- _STORED DATA_:
=== Begin Enclosure ===

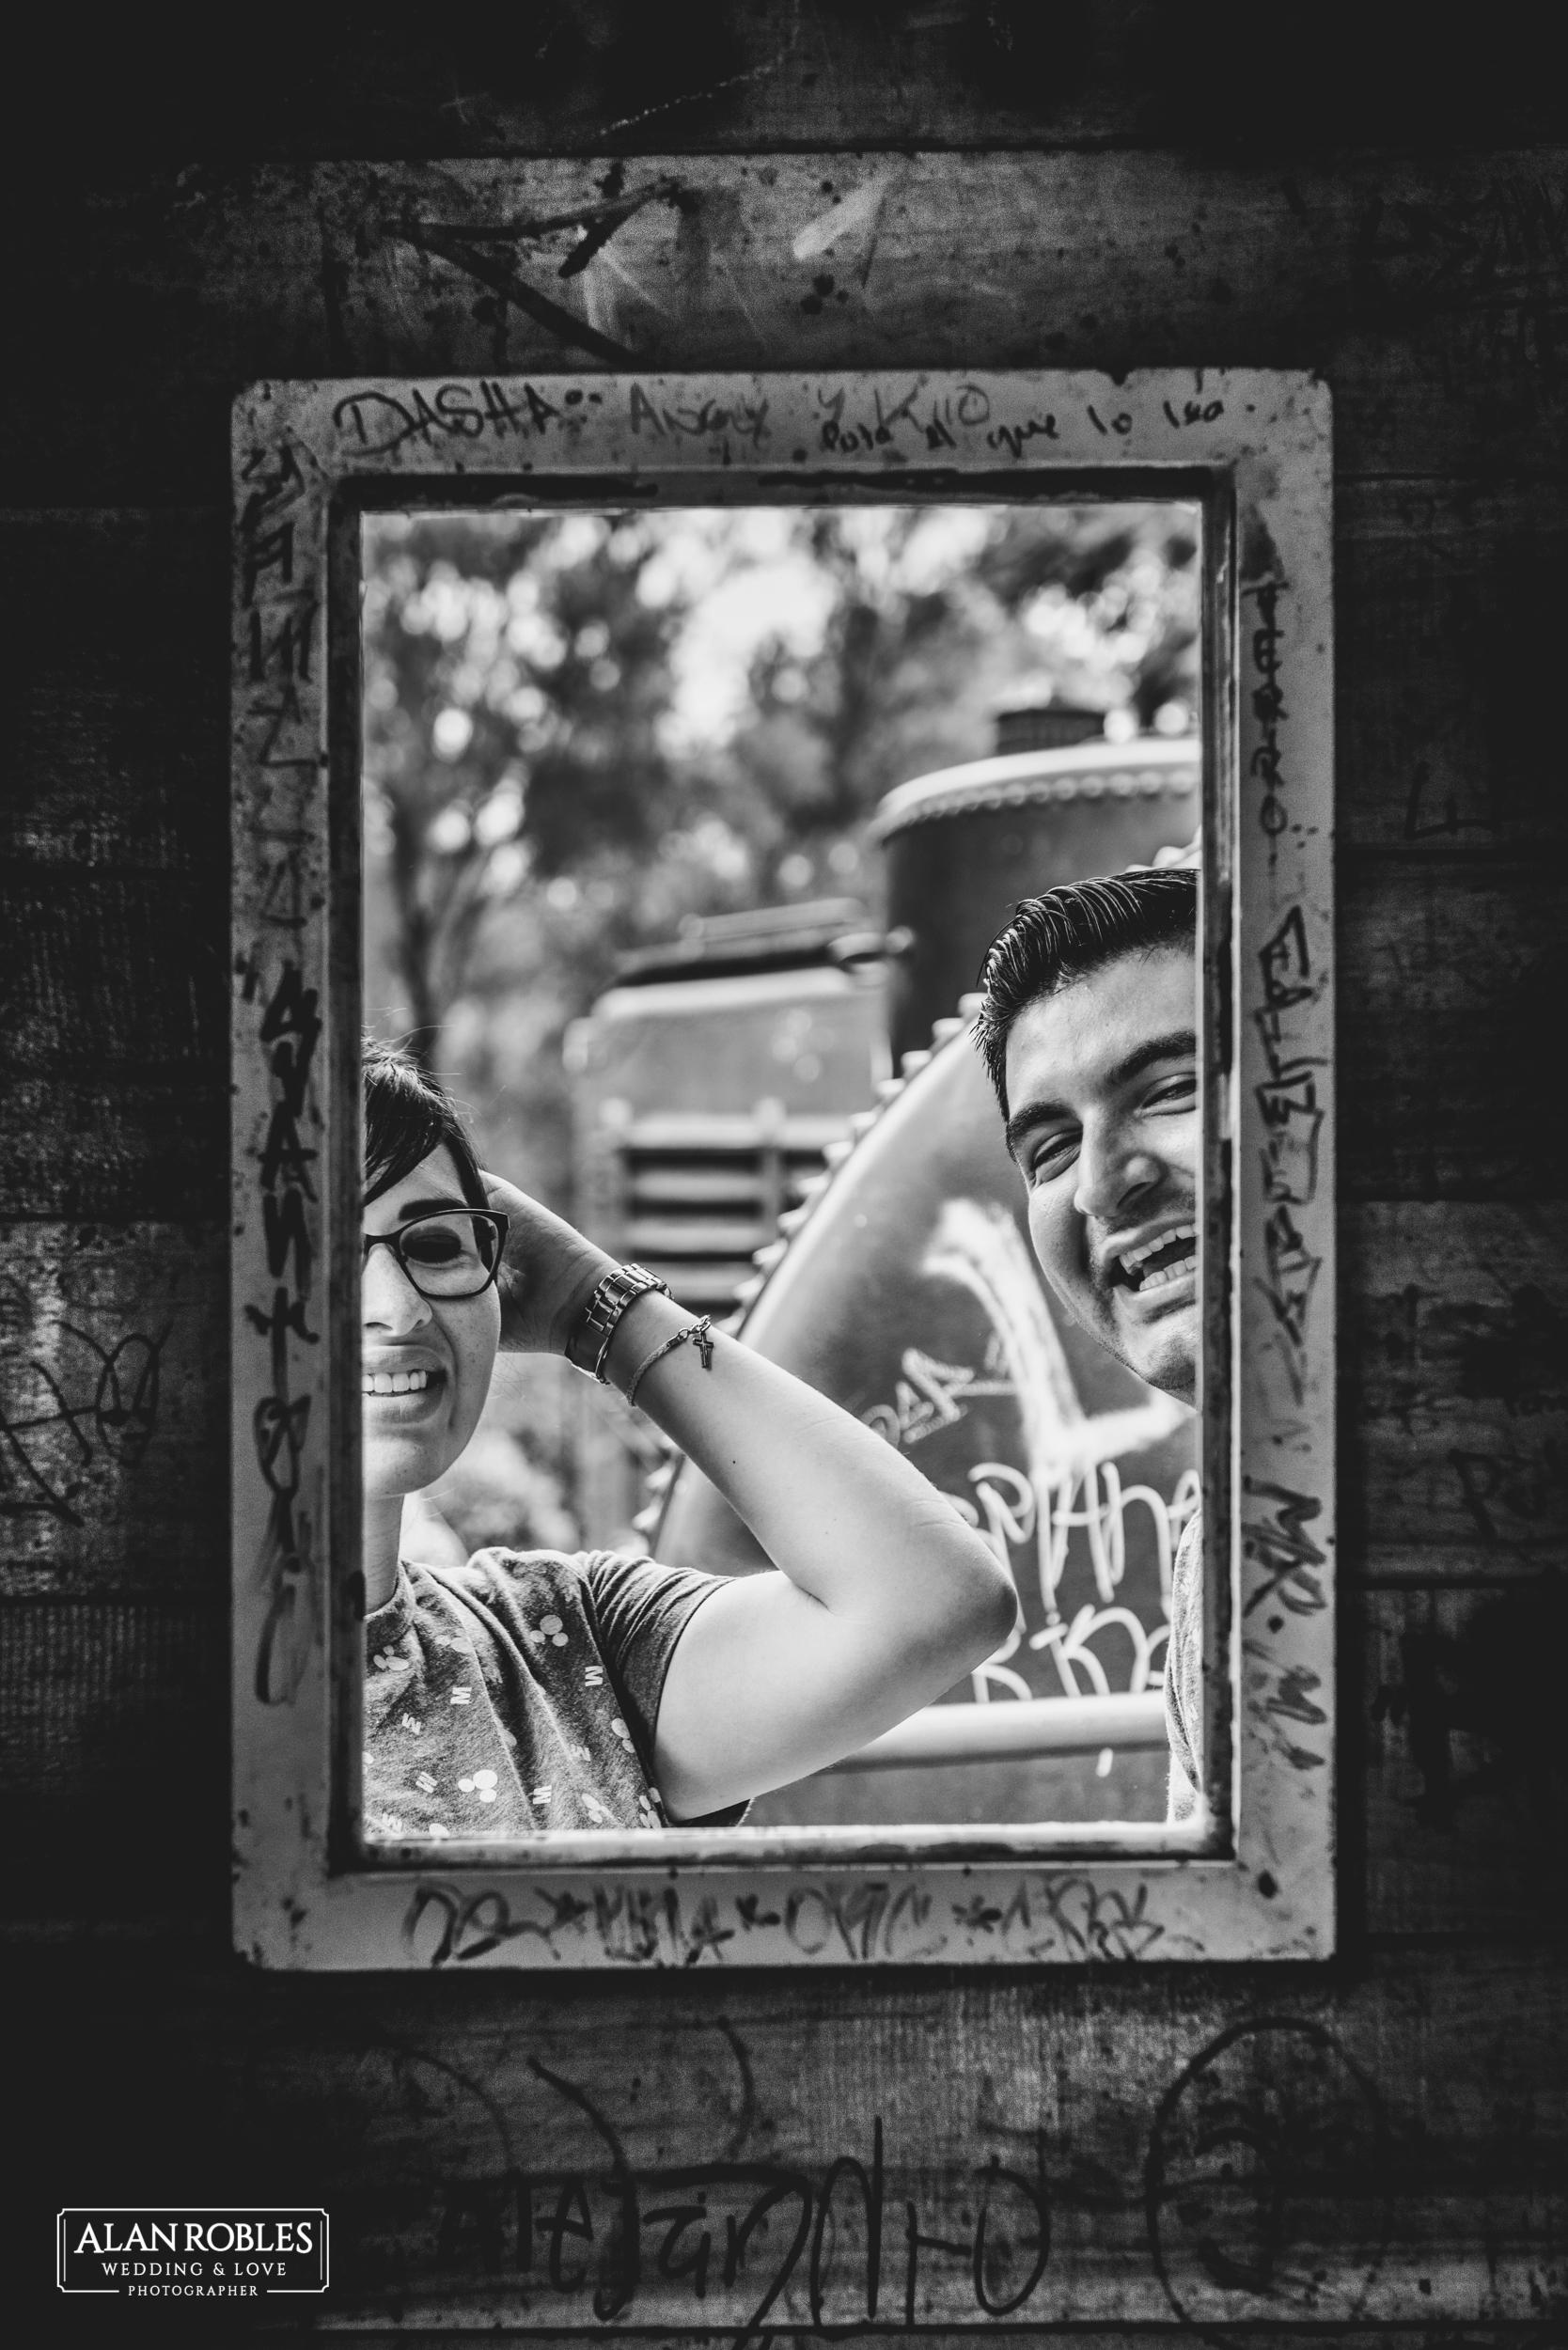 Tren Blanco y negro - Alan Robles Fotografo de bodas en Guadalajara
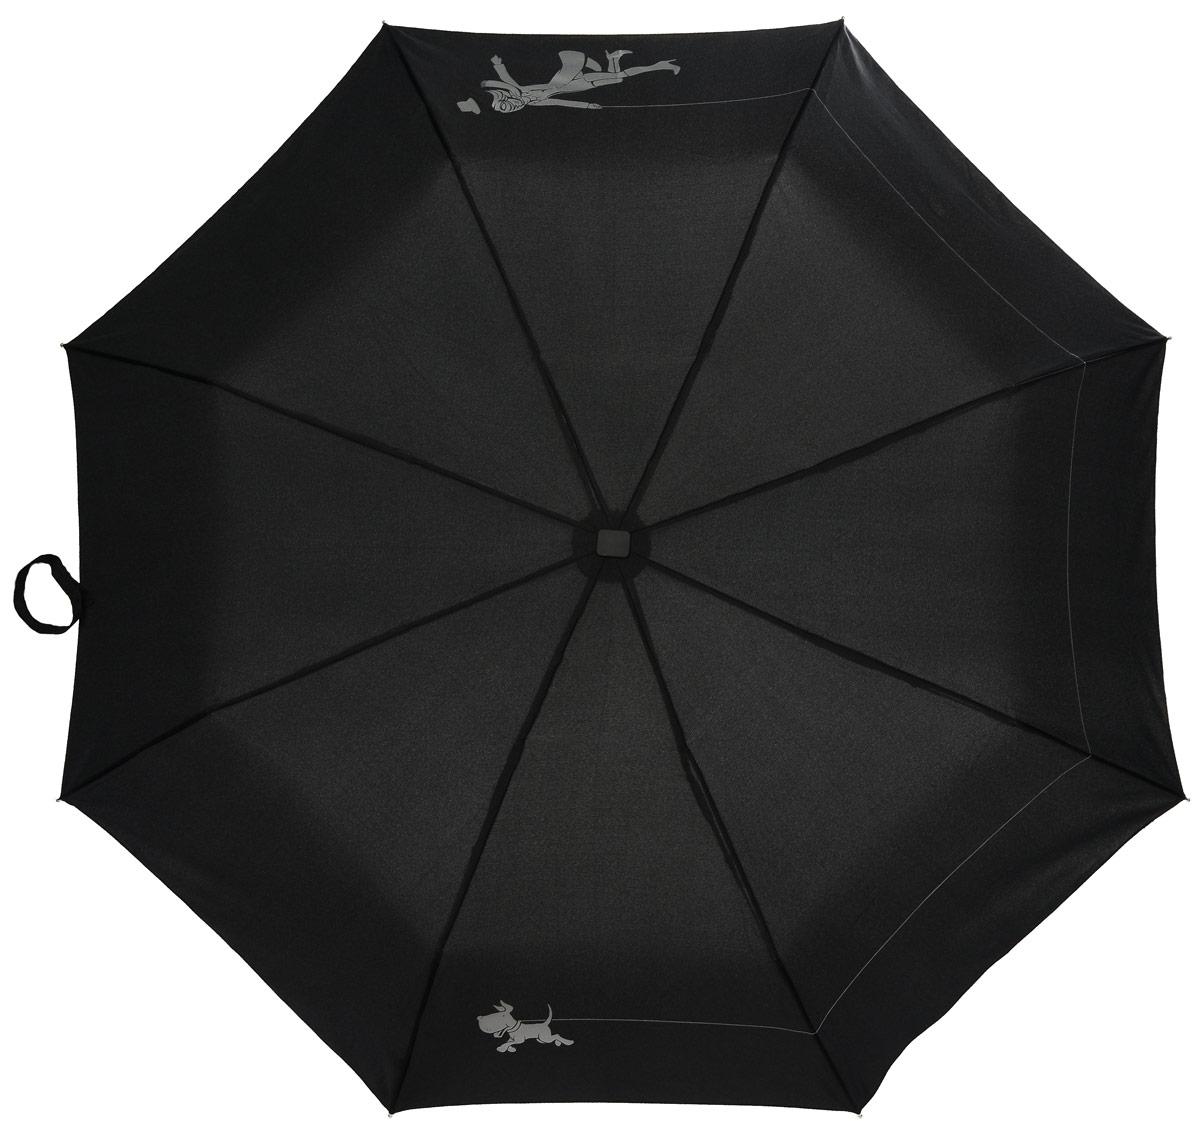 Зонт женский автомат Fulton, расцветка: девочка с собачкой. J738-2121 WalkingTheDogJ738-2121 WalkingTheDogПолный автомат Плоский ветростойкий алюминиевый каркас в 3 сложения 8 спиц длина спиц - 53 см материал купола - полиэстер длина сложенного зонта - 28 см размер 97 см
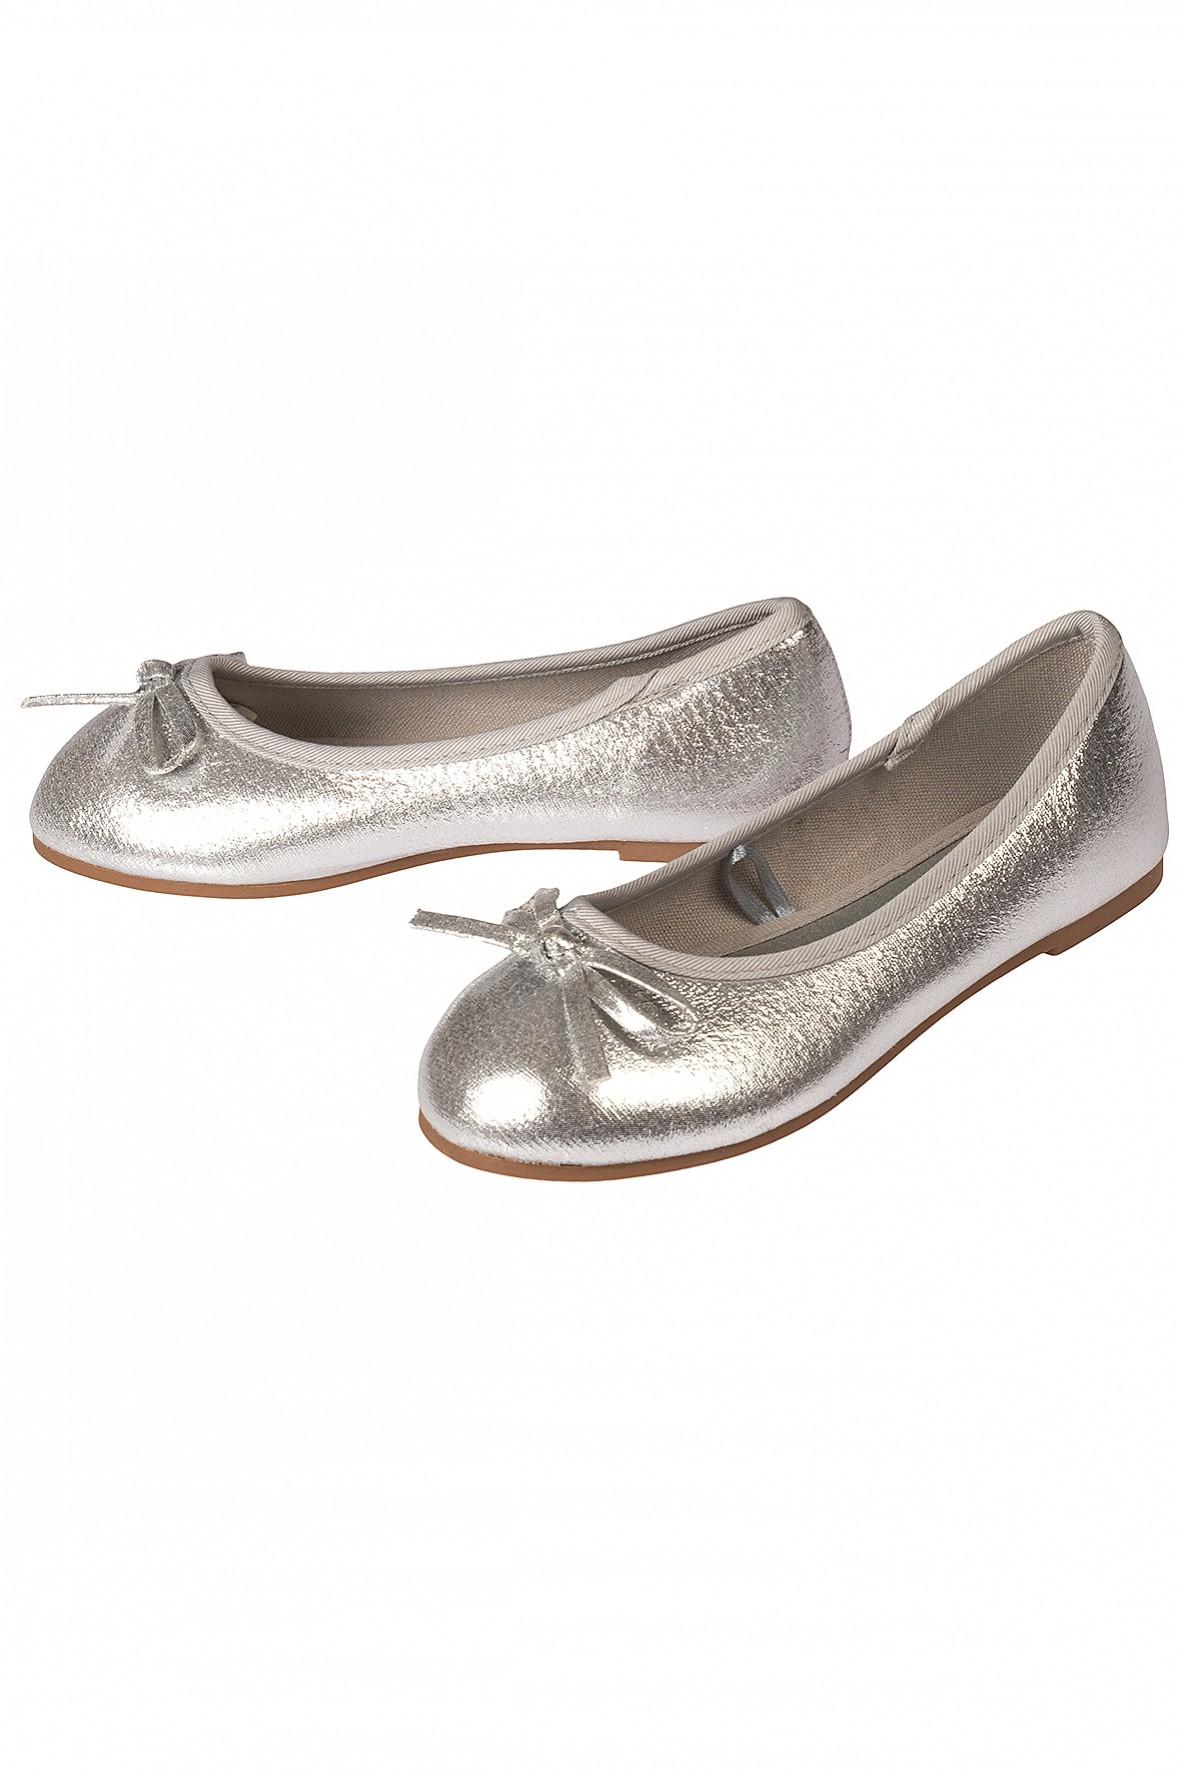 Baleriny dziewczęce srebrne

=== End Enclosure ===

- _TASK PROMPT_: What is needed here is an exact transcript of the data above, pictures excluded.

- _EXERCISE ANSWER_:
 Tren Blanco y negro - Alan Robles Fotografo de bodas en Guadalajara
 Зонт женский автомат Fulton, расцветка: девочка с собачкой. J738-2121 WalkingTheDogJ738-2121 WalkingTheDogПолный автомат Плоский ветростойкий алюминиевый каркас в 3 сложения 8 спиц длина спиц - 53 см материал купола - полиэстер длина сложенного зонта - 28 см размер 97 см
 Baleriny dziewczęce srebrne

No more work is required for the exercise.